Expanding our Understanding of Cerebral Adrenoleukodystrophy and Interim Phase 2/3 Results of an Autologous Hematopoietic Stem Cell Gene Therapy (Oral Abstract 570)
Presenter: Hernan Amartino, M.D., Hospital Universitario Austral, Buenos Aires – Child Neurology Department
Date & Time: September 6, 11:45 a.m. BRT (10:45 a.m. EST)
Autologous Hematopoietic Stem Cell Gene Therapy for Cerebral Adrenoleukodystrophy – Interim Results and Initial Long-Term Follow-Up of an International Clinical Study (Poster 133)
Presenter: Florian Eichler, M.D., Director of the Leukodystrophy Service, Massachusetts General Hospital, Boston
Poster Presentation Schedule: Thursday, October 5: Lunch (12:30 pm-2:00 pm); Thursday, October 5: Reception (4:30 pm-6:00 pm); Friday, October 6: Breakfast (7:00 am-8:15 am)
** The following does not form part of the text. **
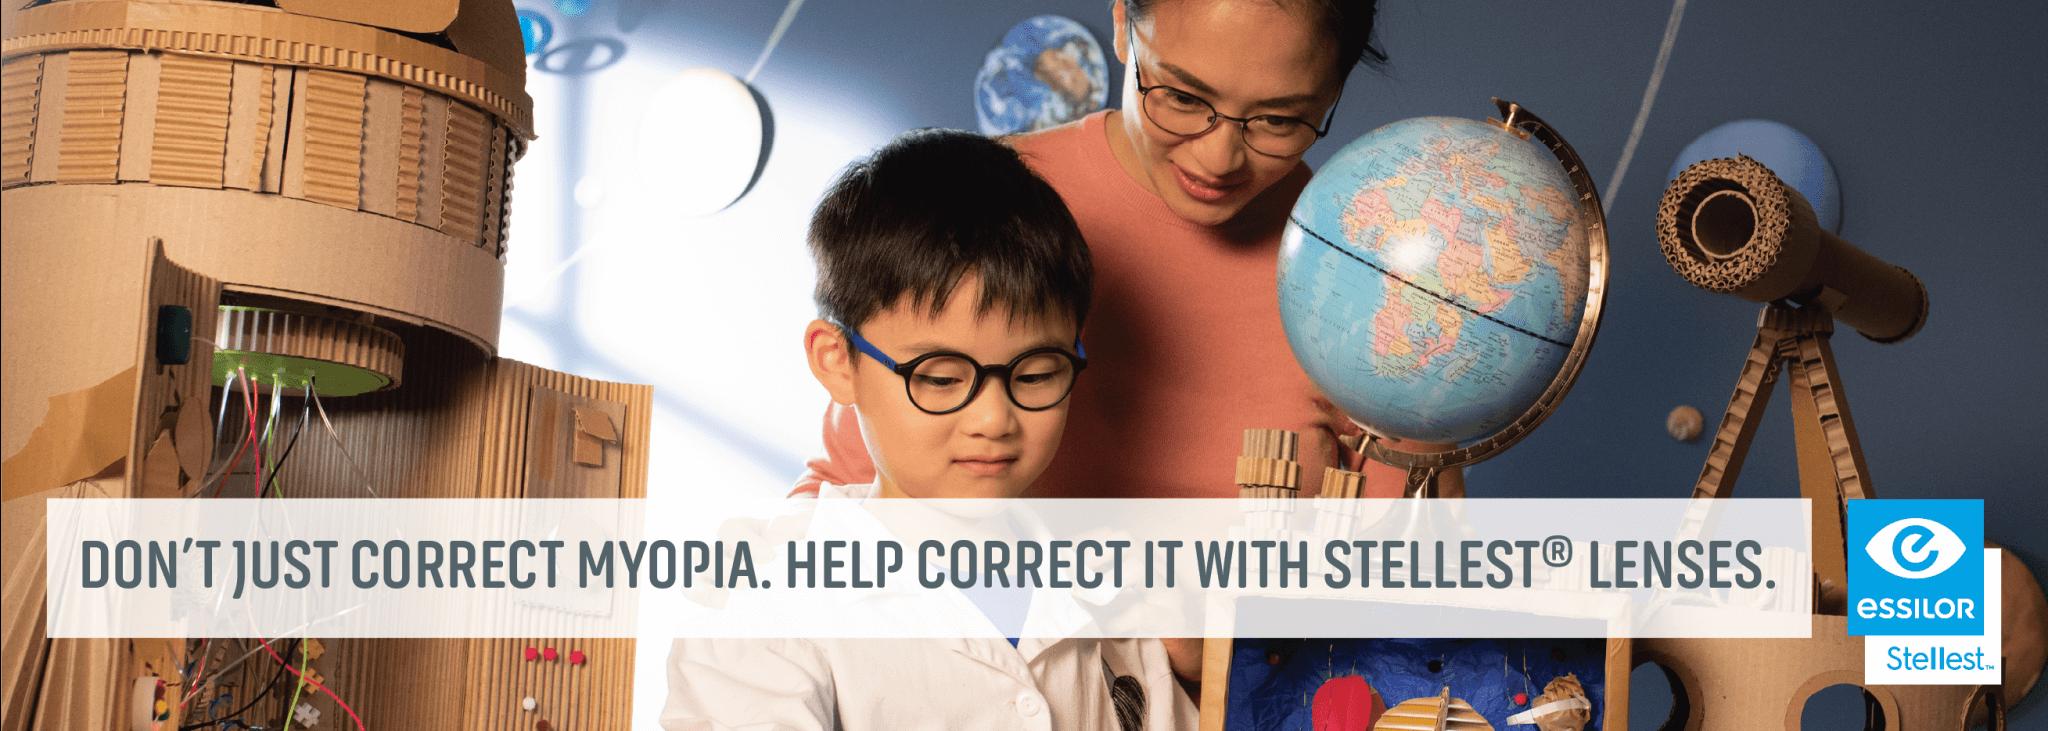 Correct Myopia With Stellest Lenses

About the Starbeam (ALD-102) Study
The Starbeam Study is assessing the efficacy and safety of an investigational gene therapy in boys up to 17 years of age with CALD. It involves transplantation with a patient’s own stem cells, which are modified to contain functional copies of the ABCD1 gene. This gene addition should result in the production of functional adrenoleukodystrophy protein (ALDP), a protein critical for the breakdown of very long chain fatty acids (VLCFAs). Buildup of VLCFAs in the central nervous system contributes to neurodegeneration in CALD.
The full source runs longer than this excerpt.